Weitgehend gelassen geht Pfarrerin Margot Käßmann mit dem Tod um. Im Haushalt einer Geistlichen gehe es oft schon am Mittagstisch um das Thema Beerdigung. Sie selbst habe in der Trauerbegleitung immer wieder erlebt, dass Menschen dem Tod zu Lebzeiten zu wenig Aufmerksamkeit widmeten. Dann sei nach dem Sterben eines Angehörigen zum Beispiel nicht klar, ob er seine Organe spenden wolle, oder wie er sich seine Trauerfeier gewünscht habe. „So unerwartet kann der Tod nicht kommen, denn wir wissen ja, dass wir sterben werden“, sagte sie. Sie selbst wünsche sich, möglichst schmerzfrei zu sterben und habe als Pfarrerin oft erlebt, dass „der Tod sanft kommt“. Als Christin stehe neben allem Ungewissen für sie fest: „Der Tod bedeutet keinen Punkt, sondern einen Doppelpunkt.“ Beckmann erklärte, er gehe mit dem Thema Tod auch in seiner Sendung eher unerschrocken um, schließlich sei er früher Ministrant gewesen. Für seinen Dienst bei Beerdigungen habe es sogar Trinkgeld gegeben.

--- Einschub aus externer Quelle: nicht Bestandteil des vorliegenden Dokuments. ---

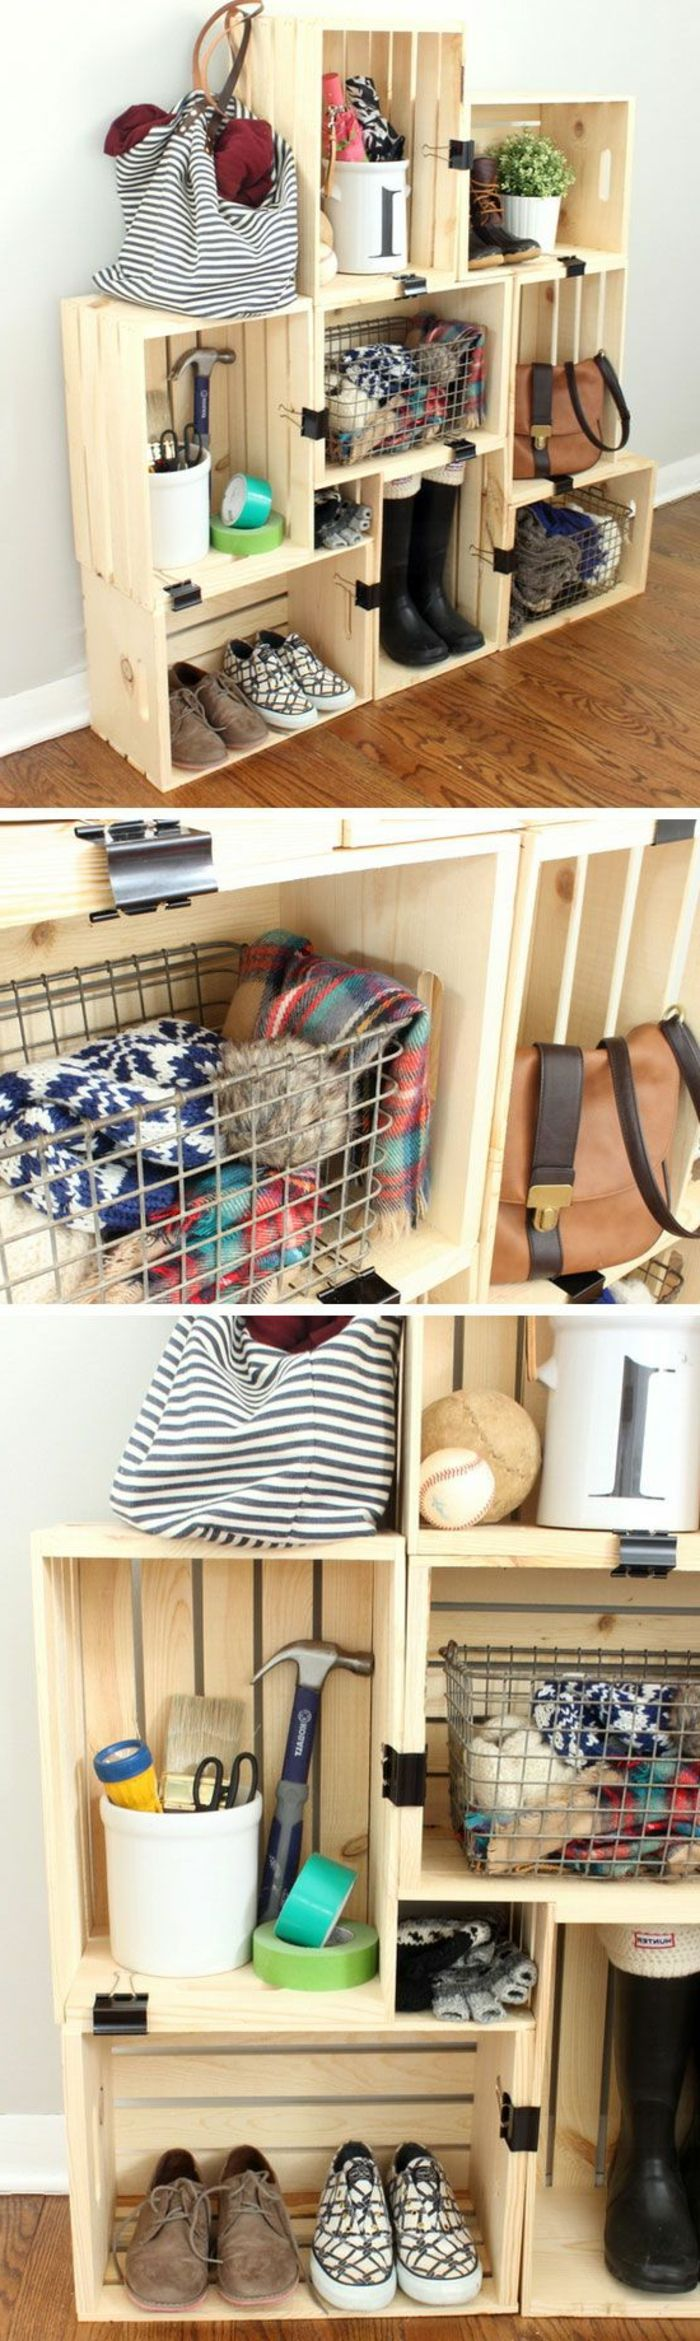 cagette en bois ikea acheter meilleur devrait bambou tagres ikea tagres racks cuisine bois. Black Bedroom Furniture Sets. Home Design Ideas

Tatort: Krebs im Endstadium
Den TV-Programmauftakt bildet das „Berliner Gespräch 2012“ zum Thema „Wie wir sterben wollen“ am Donnerstag, den 15. November, um 22 Uhr auf „Phoenix“. Zu den weiteren Höhepunkten der Themenwoche im Ersten zählt die ARD den Tatort am Sonntag, den 18. November, um 20.15 Uhr. Kommissarin Melissa Meinhard erhält darin die Diagnose: Krebs im Endstadium. Einen Tag später zur selben Uhrzeit zeigt der Sender die TV-Reportage „Sie bringen den Tod“. Dafür haben die Journalisten Sebastian Bösel und Ulrich Neumann Sterbehelfer in Deutschland begleitet – Ärzte, die ihren Patienten auf Wunsch einen tödlichen Medikamenten-Cocktail besorgen. Gleich im Anschluss diskutieren die Gäste der Sendung „hart aber fair“ ebenfalls über Sterbehilfe. Der Film „Blaubeerblau“ zeigt am Mittwoch, den 21. November, um 20.15 Uhr das Leben und Sterben im Hospiz. Eine weitere Reportage am Samstag, den 24. November, um 15.30 Uhr fragt: Wie geht eigentlich das „Sterben ohne Glauben“? Wie gehen Menschen ohne religiösen Halt mit Trauer um?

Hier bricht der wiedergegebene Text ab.